[WHAT IS BEING ASKED] Here, set down only the lines between the line that contains "Champion Trumpet Cup Mute" and the final line of the material, both included, exactly as written. Skip the pictures.

[COLLECTED DATA]

»»

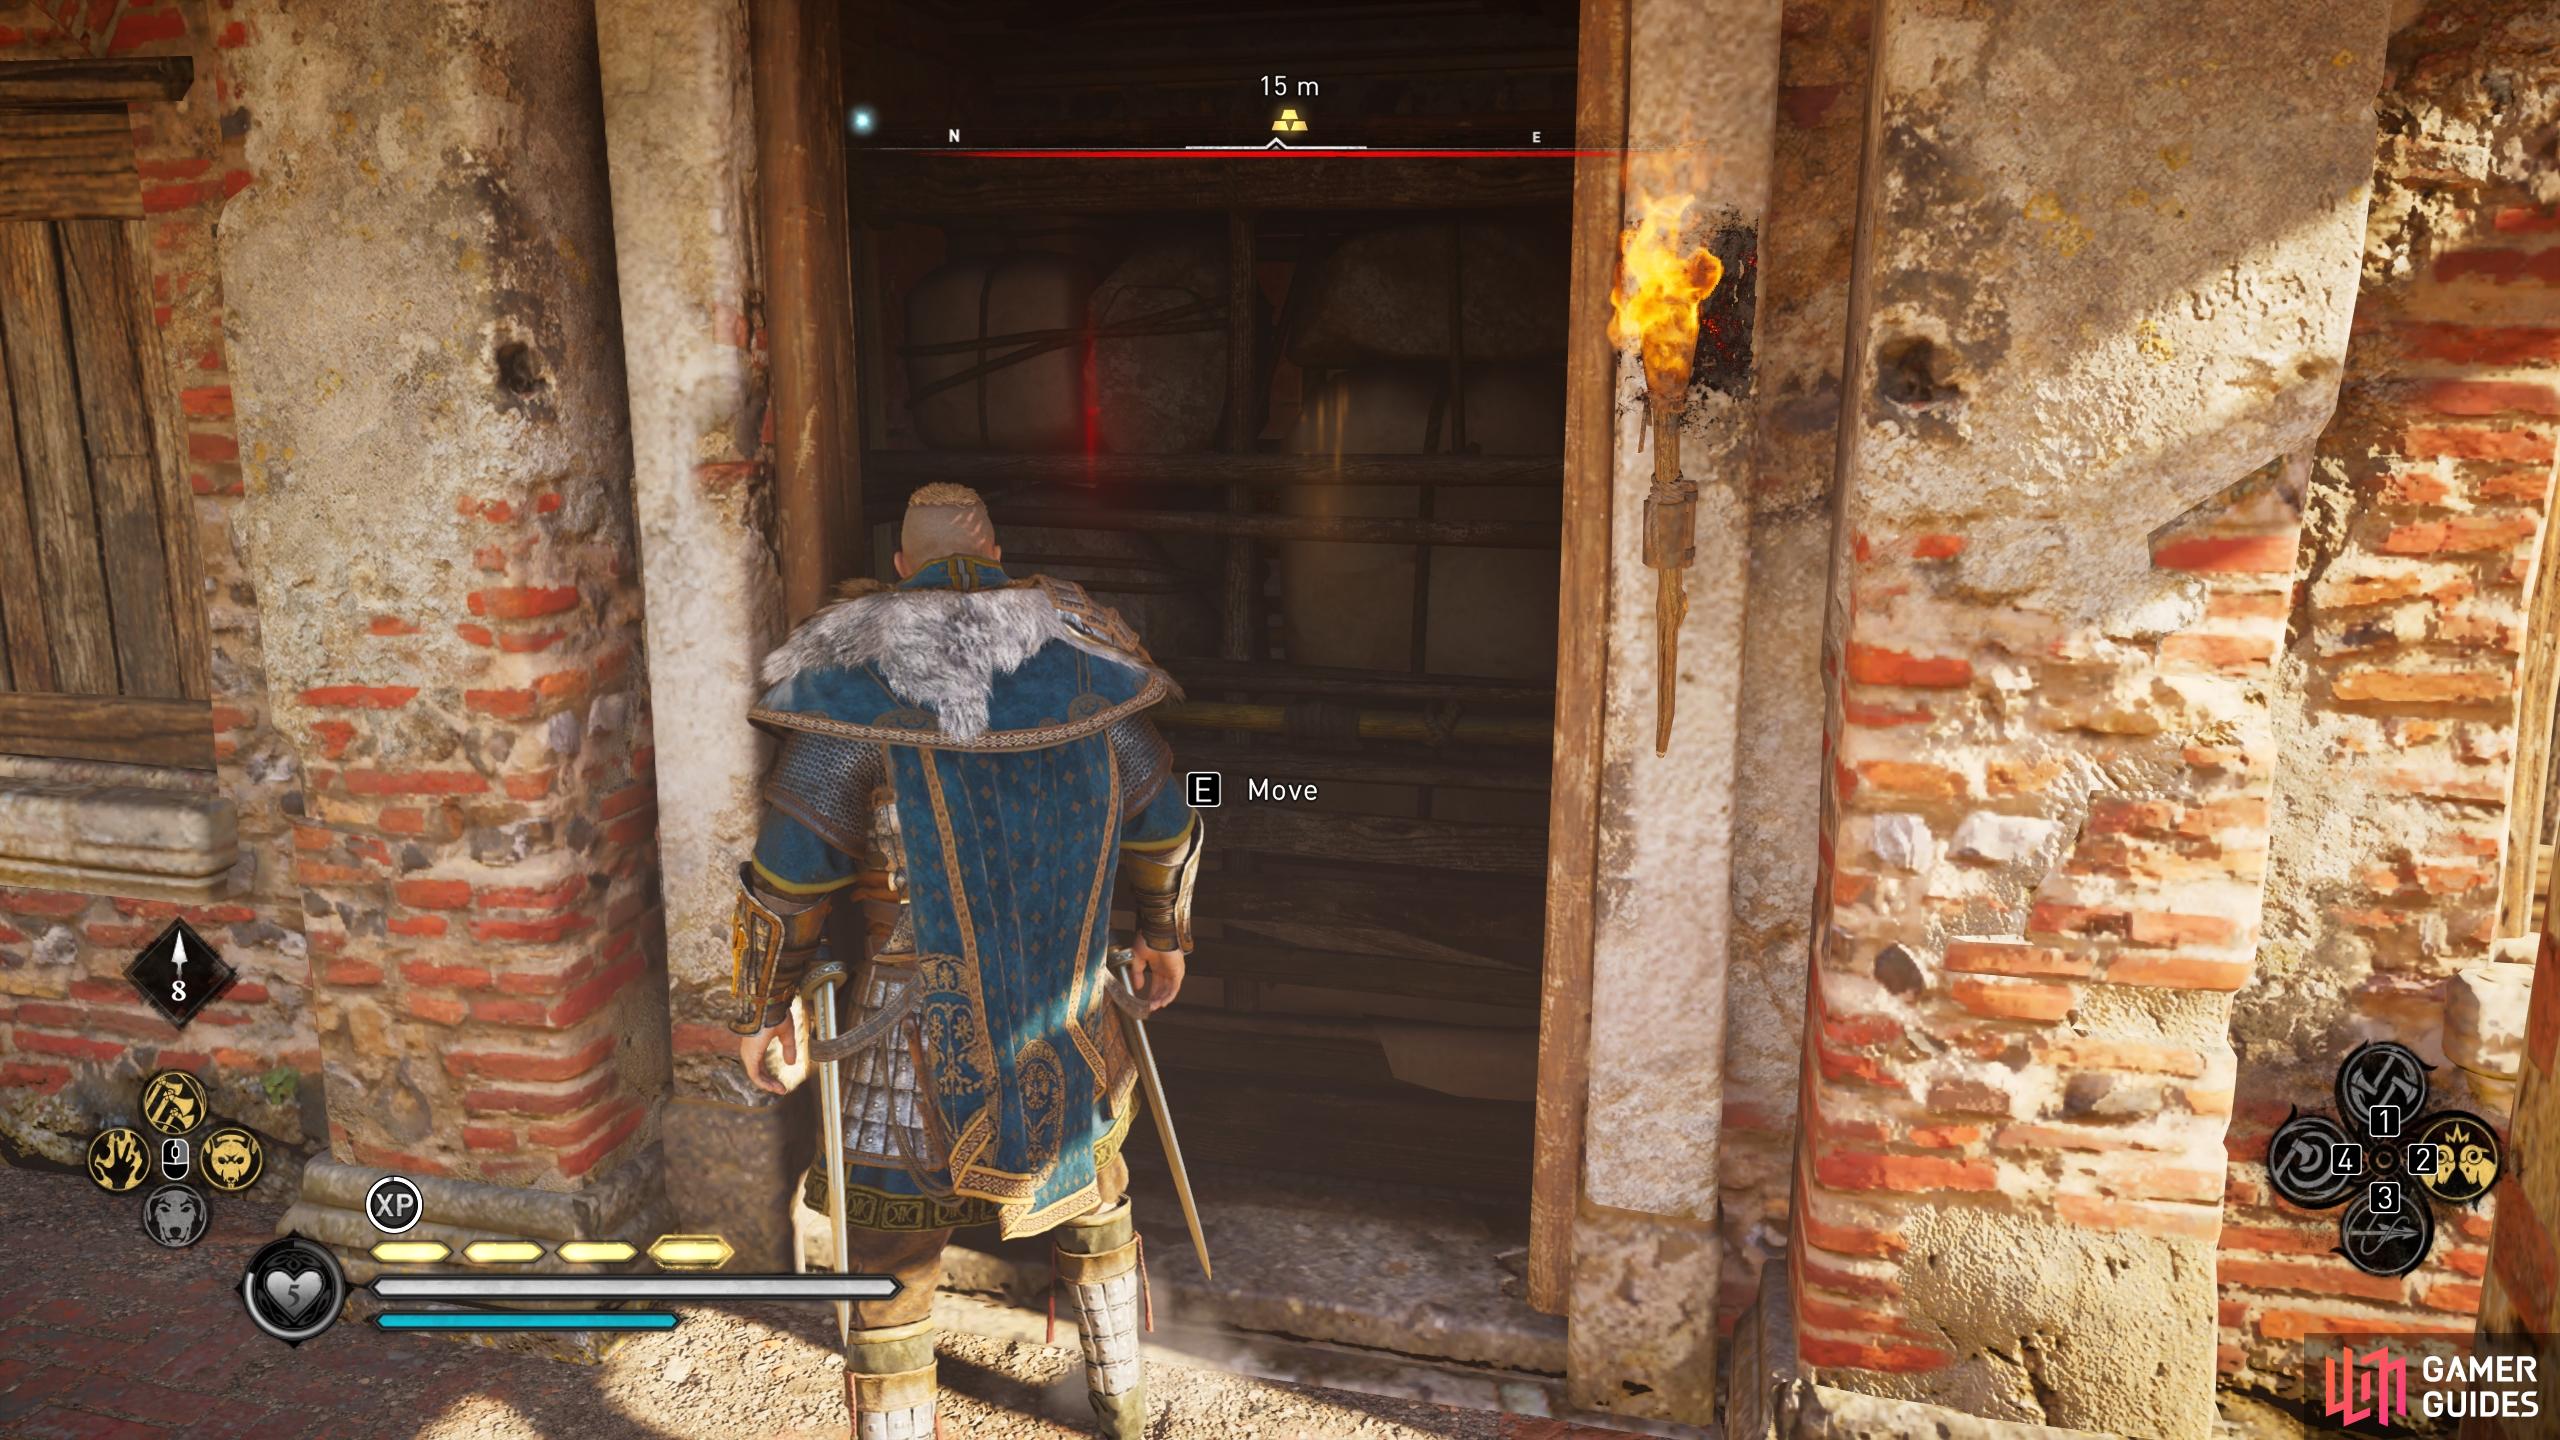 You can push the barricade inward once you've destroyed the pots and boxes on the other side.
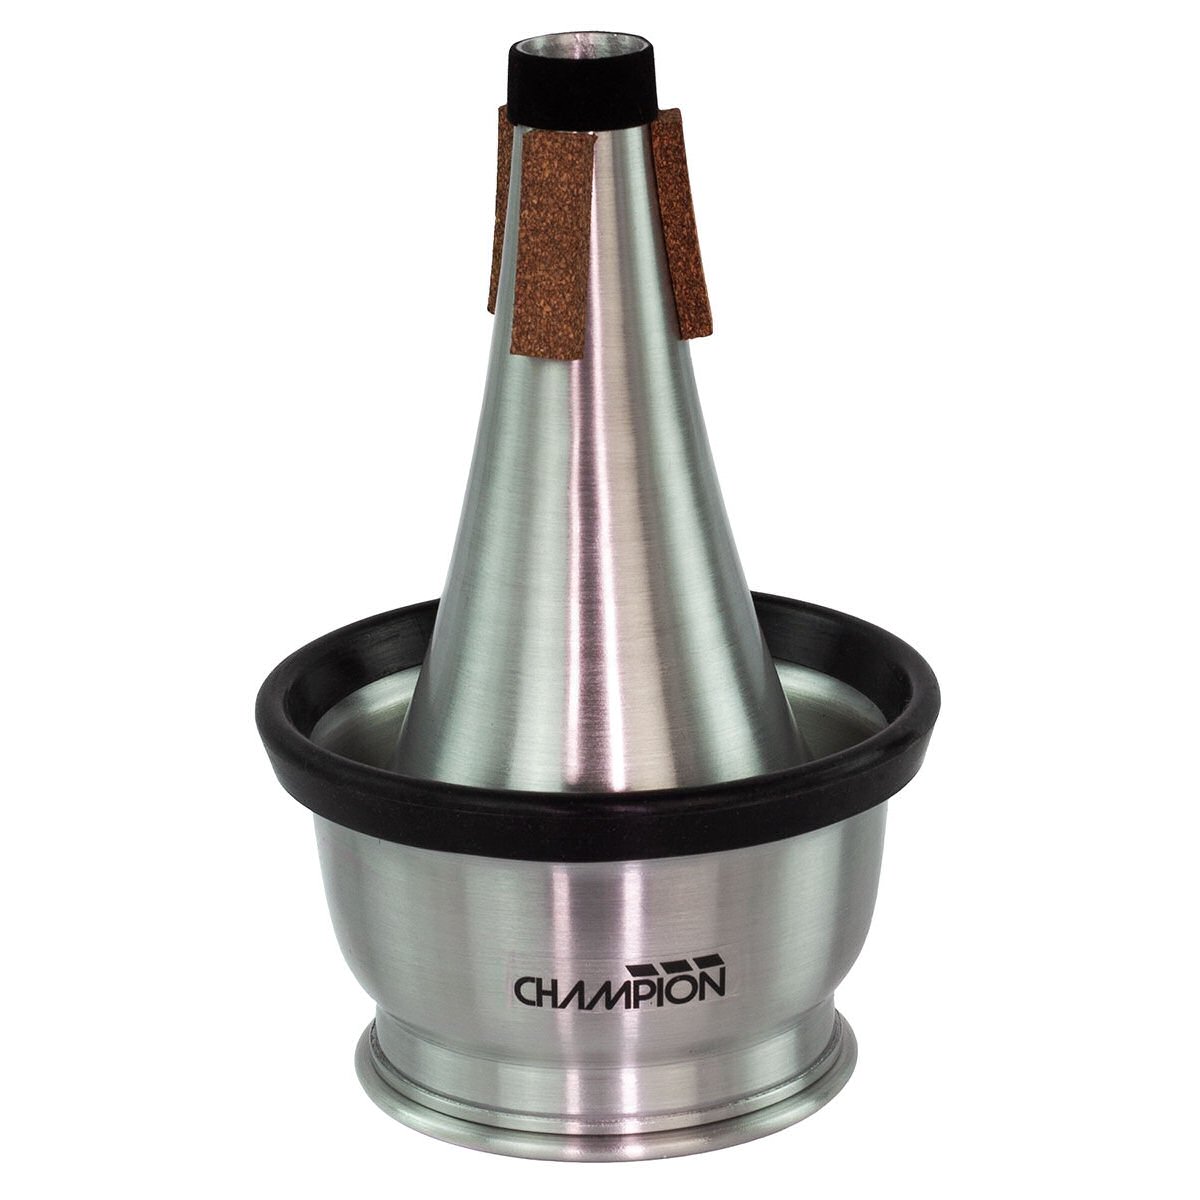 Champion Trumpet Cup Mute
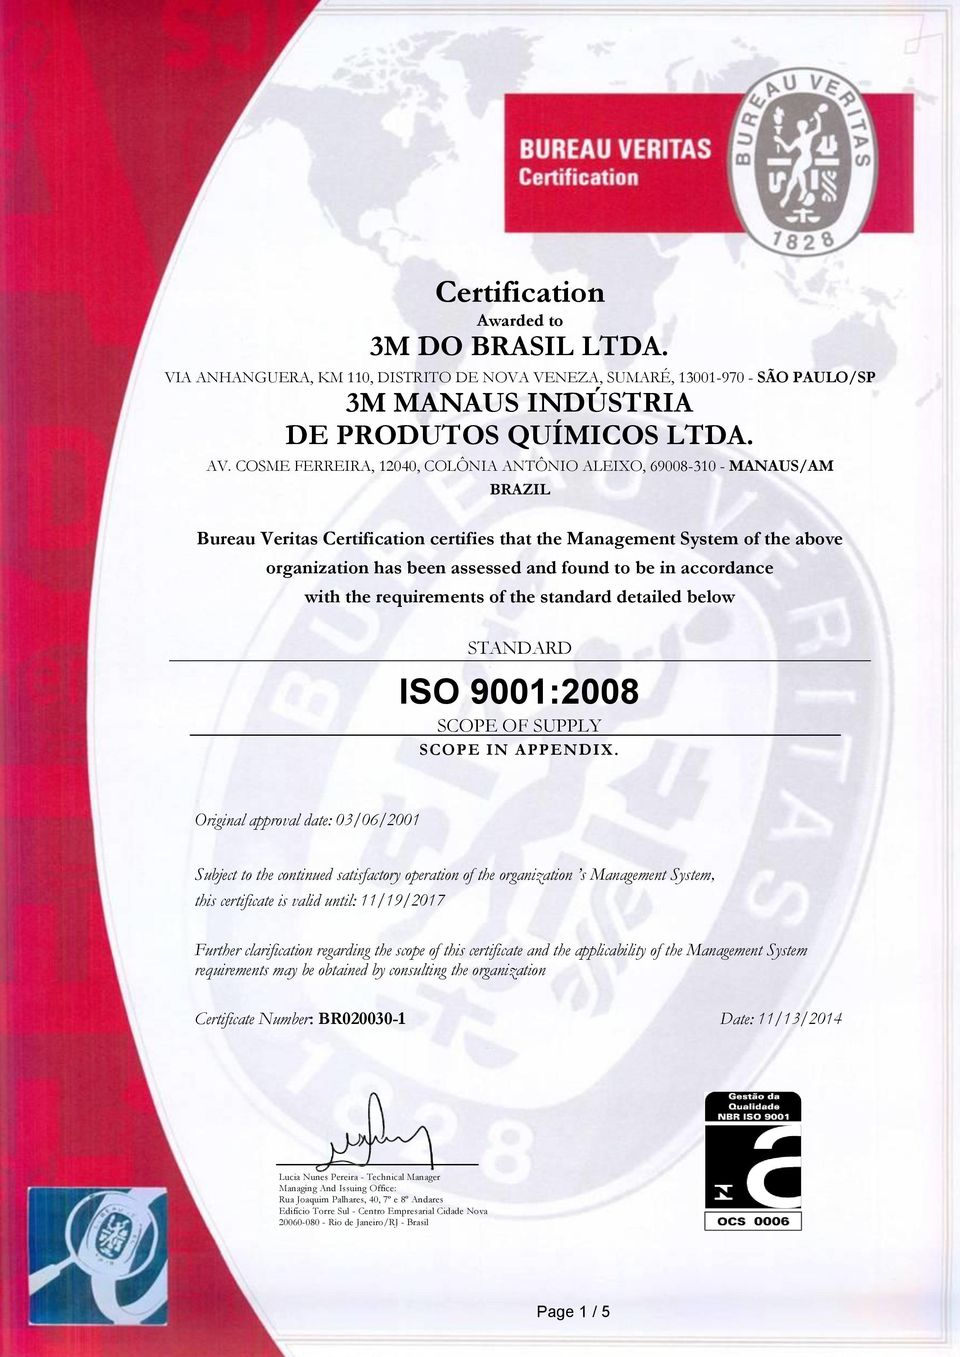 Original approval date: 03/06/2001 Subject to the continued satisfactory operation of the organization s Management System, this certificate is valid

««

[TASK OUTPUT]
 Champion Trumpet Cup Mute
 Original approval date: 03/06/2001 Subject to the continued satisfactory operation of the organization s Management System, this certificate is valid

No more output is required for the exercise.